Grim milestone: Biden has worst job approval at this stage of any modern elected president

AP Photo/Evan Vucci

I need to convince Ed to stop using that old photo of Biden with Jimmy Carter as a screencap for his posts about Biden’s falling numbers.

It’s unfair to Carter at this point, frankly.


Not only is POTUS a few points worse was at this stage of his presidency than Carter was, he’s also a few points worse than you-know-who. Since Gallup started polling presidential approval in the 1950s, in fact, no one has ever rated more poorly in the summer of his second year than Biden.

Reagan was also struggling with a recession and high inflation in 1982 (although the latter was at least trending downward at this point) and he was still a few points better than Sleepy Joe is now.

Then again, at a spry 71 years old, he was considerably younger and more vigorous than the current occupant of the office. Maybe his youthful vitality earned him the benefit of the doubt and a few extra points in polling.

Gallup has Biden sitting at 38 percent approval today, the worst number of his term in their polling and the first time he’s been below the political Mendoza line of 40 percent. Among independents it’s 31 percent, also a new low. And he now enjoys the distinction of having the highest “strong disapproval” rating among members of the other party of any recent president. The worst that the hyperpolarizing Trump ever did was 83 percent strong disapproval among Dems. The worst that Barack Obama ever did among Republicans was 75 percent. George W. Bush, who was despised by Democrats for the Iraq war, bottomed out at 81 percent strong disapproval. Biden, by comparison, is currently rocking an *87 percent* rating of strong disapproval among GOPers.


Overall, more than three times as many Americans strongly disapprove of him (45 percent) than strongly approve (13 percent). How many people on either side saw “less popular than Trump” as his political legacy on Inauguration Day, two weeks after the insurrection?

The irony of these terrible numbers appearing today is that the media is suddenly taking a second look at President Joe in the wake of his — or rather, Joe Manchin’s — “win” on the new Build Back Better bill. “Biden is suddenly winning (just don’t say the ‘R’ word),” declares AFP. “Wait, Is Biden a Better President Than People Thought?” asks John Harris at Politico. If you just ignore the last half a year, said Van Jones on CNN, Biden’s actually had a pretty successful presidency:

It’s true that Biden has delivered on more big-ticket legislation than most expected. He got COVID relief, he got infrastructure, he got a gun bill, he got CHIPS, he may yet get a law protecting gay marriage, and soon he might have a bigger-than-anticipated version of Build Back Better if he can navigate Manchin and Sinema. But he also got grinding inflation thanks to COVID relief, which is hungrily devouring the wages of lower- and middle-class voters everywhere. And that’s all that’ll matter this fall.



A few weeks ago I wrote about voters possibly “decoupling” their support for Democratic congressional candidates from their disappointment in Biden. The president’s approval numbers are ugly and have gotten much uglier over the past three months, but the trend for his party is … different. Nate Silver pointed out today that there’s simply no denying that Democrats look stronger in congressional races, particularly Senate races, than they did at the start of June. On June 1 his model gave them a 40 percent chance of winning the Senate. Today it gives them a 55 percent chance. What gives?

It’s mostly a Roe backlash at work, Silver speculates, but there are other factors trending Dems’ way.

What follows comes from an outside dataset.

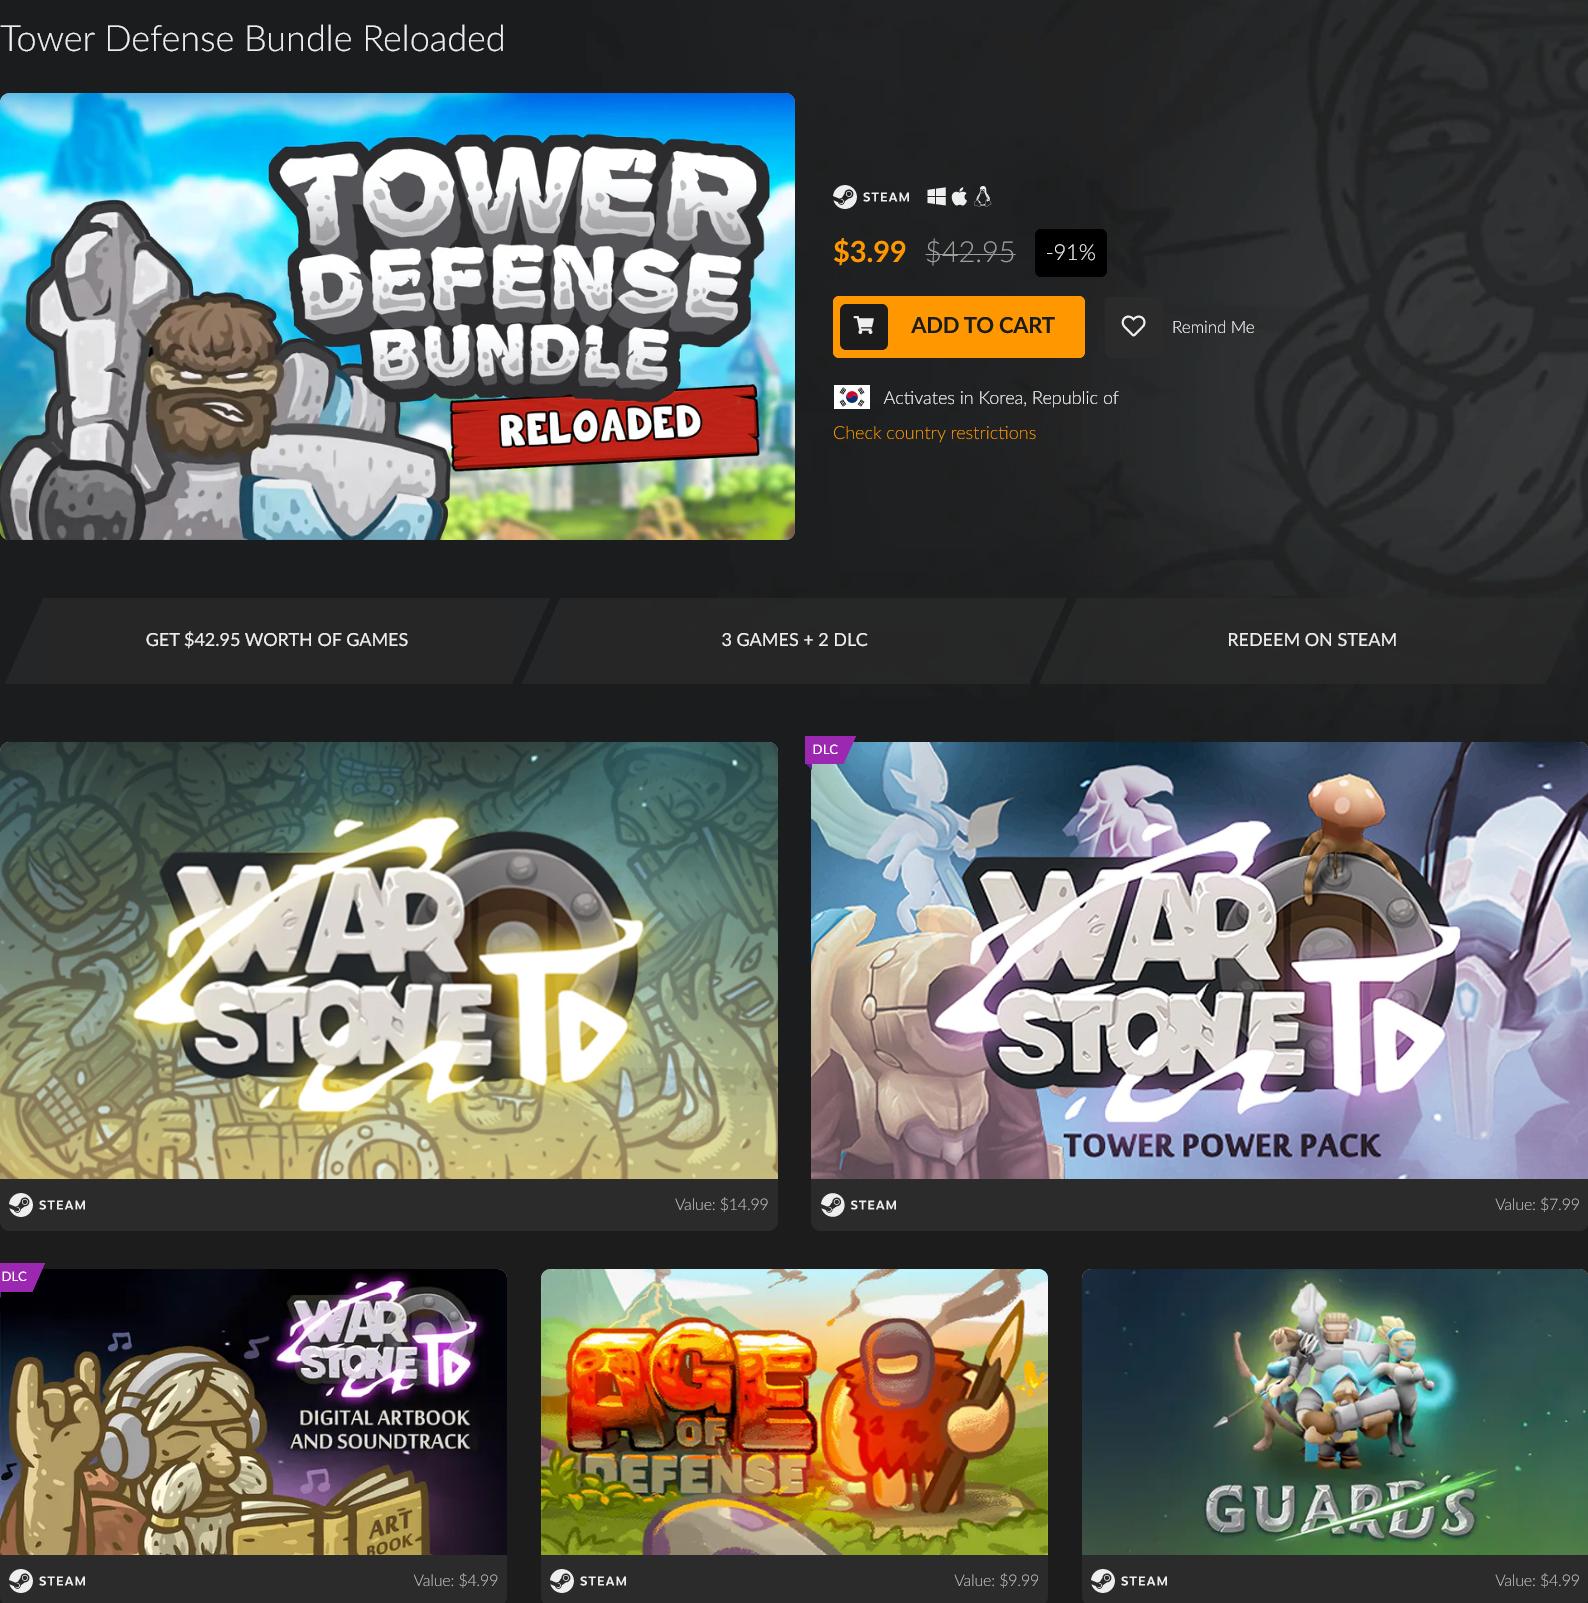 Screenshot_2021-04-13 Tower Defense Bundle Reloaded Steam Game Bundle Fanatical.png
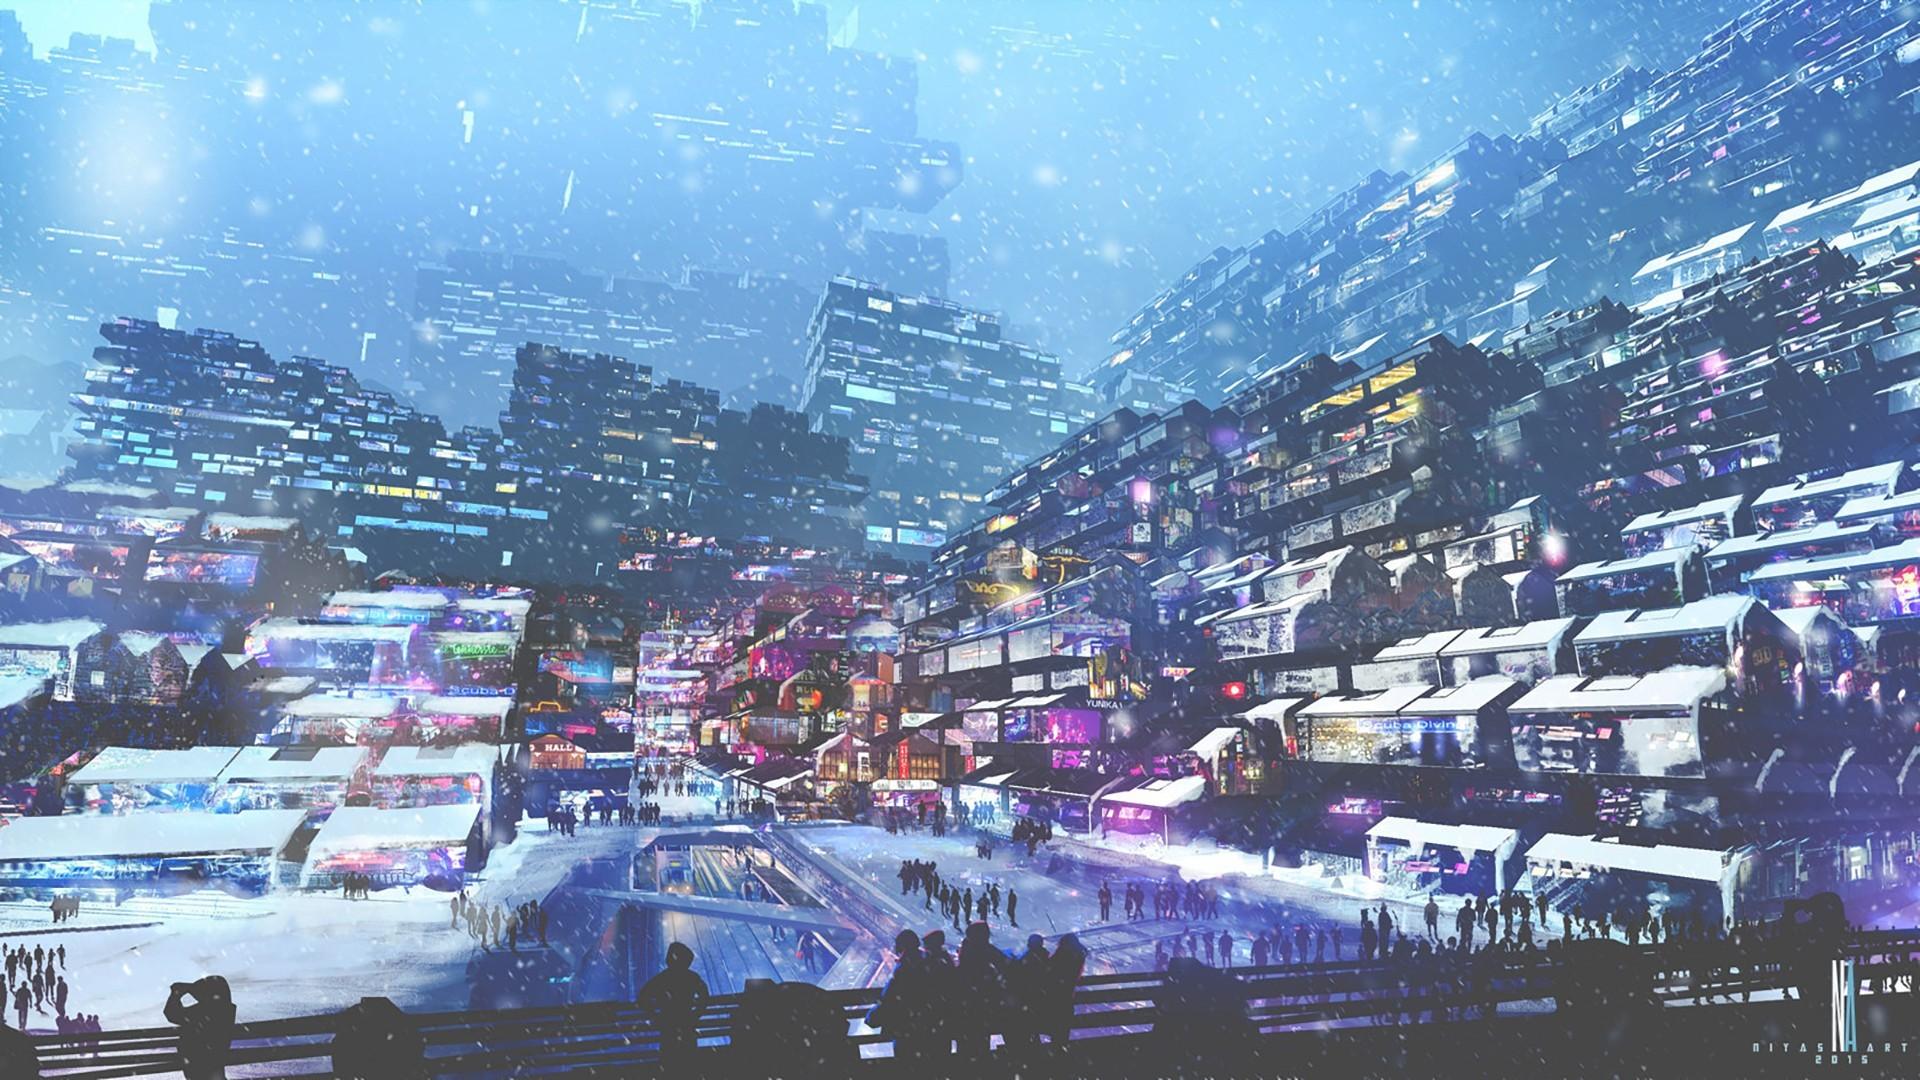 artwork, Digital Art, City, Futuristic, Cyberpunk, Snow, Lights, People, Winter  Wallpapers HD / Desktop and Mobile Backgrounds

It’s not clear how much the Jan. 6 hearings have changed public opinion, but they have highlighted an issue where the public is relatively sympathetic toward Democrats, with 79 percent of voters saying former President Donald Trump acted either unethically or illegally in a new CNN poll.

COVID-19 — an issue that was something of a no-win for President Biden — is on the backburner for most voters. In the aforementioned Suffolk/USA Today poll, so few voters mentioned COVID-19 as their most important issue that it wasn’t broken out as one of the 25 issues respondents named. Cases remain high, but deaths are low compared to earlier stages of the pandemic.

Granted, the economic news hasn’t been good for Democrats. Most voters think the economy is in a recession, even though the bureau that determines recessions in the U.S. hasn’t declared one yet and may never do so. But at the same time, some highly visible indicators have improved: Gas prices are down and the stock market has been in a rebound over the past five to six weeks.


The thoughtfully cautious expectation for the fall at this moment in time is that Republicans will still clean up in House races but battlegrounds where the Republican nominee is conspicuously weak might yet end up in Democratic hands. The GOP might rue the day it nominated Mehmet Oz and Herschel Walker if we end up with a surprise Supreme Court vacancy next year.

I’ll leave you with this right track/wrong track data from Morning Consult. By comparison, these numbers were 40/60 on the eve of the Democrats’ blue wave in 2018. I wouldn’t want to be a Dem running this year with this weight on my back.